Gabriele Lieske grew up in the Wandlitz house in Brandenberg, there she cared for her parents and raised her son Thomas.
But now, at the age of 85, she has been told that the house no longer belongs to her or any member of her family, leaving her distraught, saying she would “rather die than move.”
The property has been ruled to belong to the Jewish Claims Convention, an organization formed in 1951 to help compensate victims of the Holocaust and the Nazis.
It was discovered that Lieske’s grandfather had purchased the house from a real estate agent in 1939.
But it had belonged to two Jewish women, Helene Lindenbaum and Alice Donat, who were forced to sell their property by the Nazis.
They planned to run a holiday home for Jewish children until they were deported by Adolf Hitler’s regime between 1943 and 1944, when they were brutally murdered in the Auschwitz concentration camp.
There are no known descendants of either woman and the JCC filed a claim on the property in 2015 instead.
The group of 23 Jewish organizations is now the legal successor to Donat and Lindenbaum, leaving Gabriele and her 61-year-old son dismayed.
Gabriele told a local media outlet. image: “I have lived here for 82 years, I have taken care of my father and my sick mother. The house is my life.

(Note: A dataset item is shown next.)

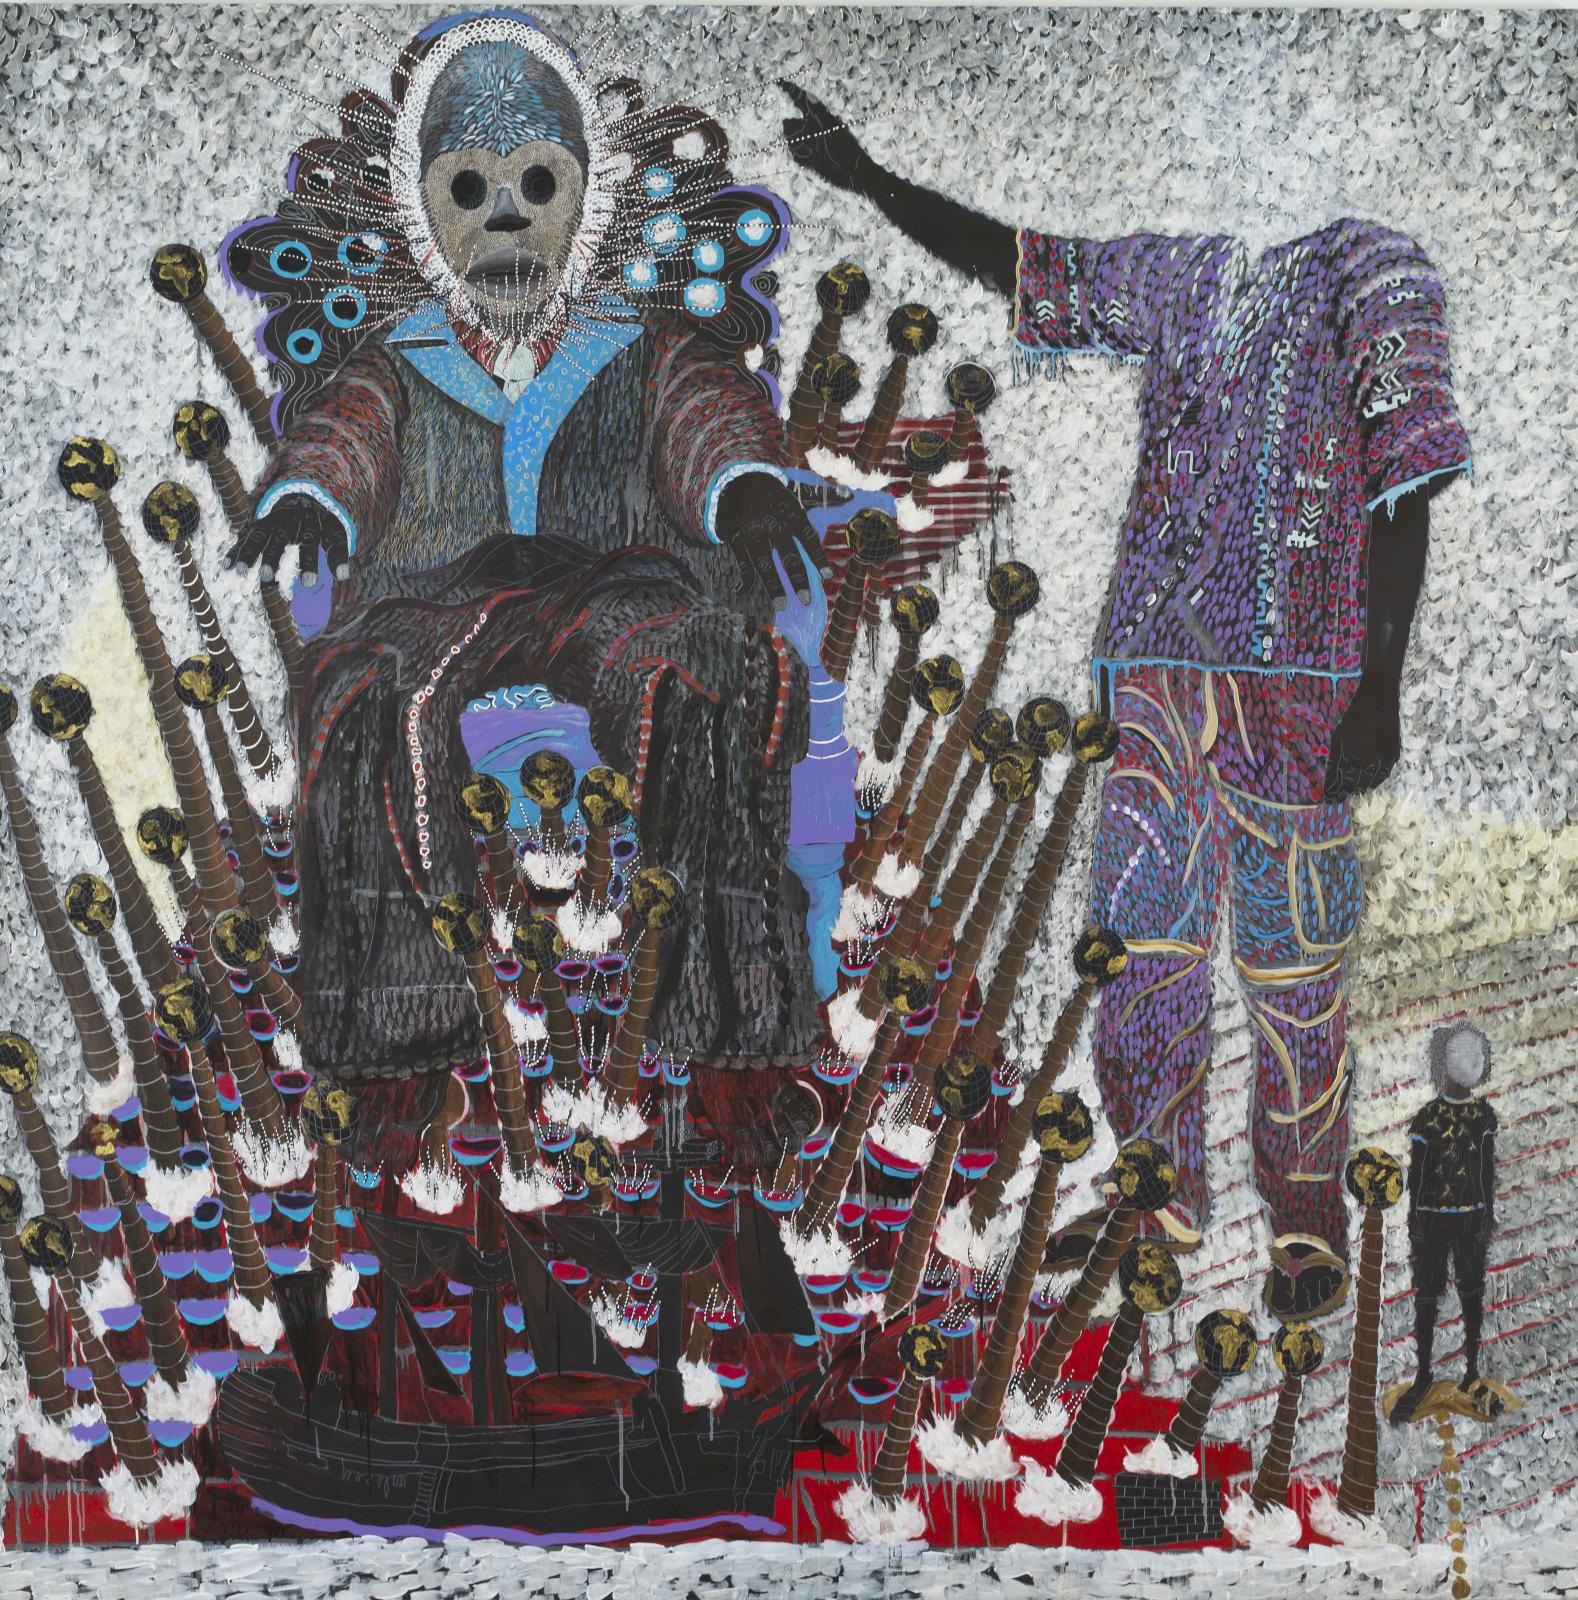 Omar Ba (né en 1977), Promenade masquée 2, 2016, huile, acrylique, gouache et crayon sur toile, 200 x 200 cm. Galerie Templon. Courtesy Galerie Daniel

“It’s like a nightmare. “I would rather die than move out of here.”
“We have nowhere to go, we have lost everything,” added his son.
Before 2015, the JCC had filed other claims for the property to be returned, one in 1992 and another in 1998.

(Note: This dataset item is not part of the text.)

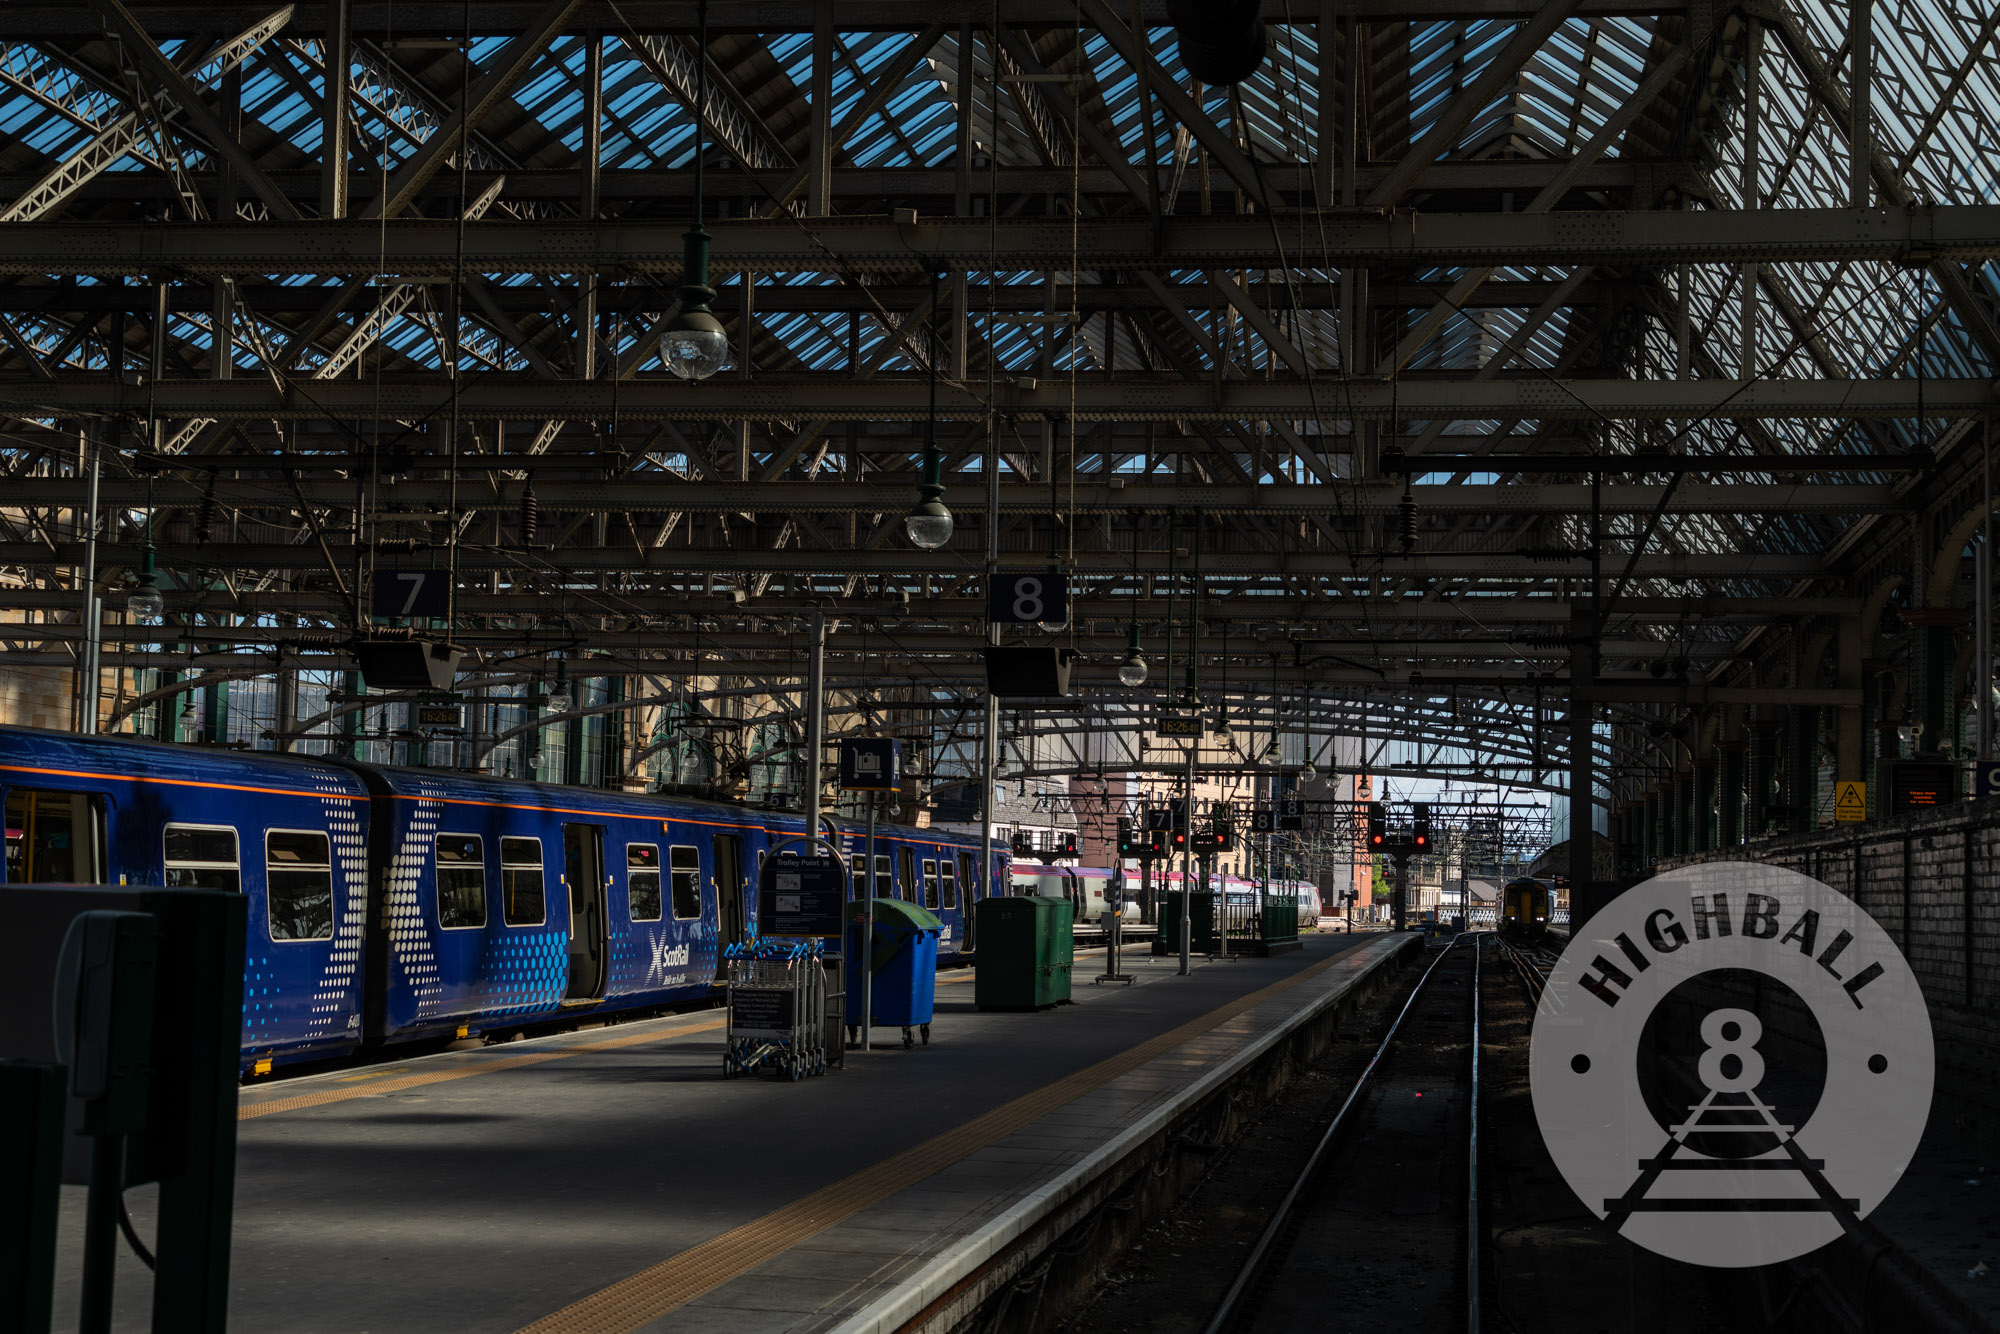 Glasgow Central Station, Glasgow, Scotland, UK, 2018.

Thomas Lieske believes that if they had been aware of these attempts, he and his mother would not be trapped in the situation they are in now.
“We didn’t know anything about it. “Barnim’s office should have informed us that there were claims on the house,” he said.
“Then we could have at least bought it back for the then market value. That would have been around 400,000 Deutschmarks (£166,000).
“Now it is €1.5m (£1.2m). “We can’t do that.”
The family also noted that in 1994, the property was transferred from Luise Moegeling to her daughter Gabriele, two years after the first complaint was filed with the JCC.
“The office should have also informed us of the possible claims there. They didn’t,” Thomas said.
The Barnim district had the transfer deed notarized and nothing was said about other rights to the house.
But they will not be forced to abandon the property even though they no longer have the right to it.
A JCC spokesperson told the outlet that Gabriele has a “lifetime right of residence in the single-family home” offered by the organization during the conflict.
This “will continue to exist even after the property has been returned,” the spokesperson explained.
“The Claims Convention has committed to selling the returned assets to use the proceeds to support impoverished and sick survivors of the Shoah around the world.”
Despite this, Gabriele’s lawyer threatens to take the case to the Federal Constitutional Court, according to Bild.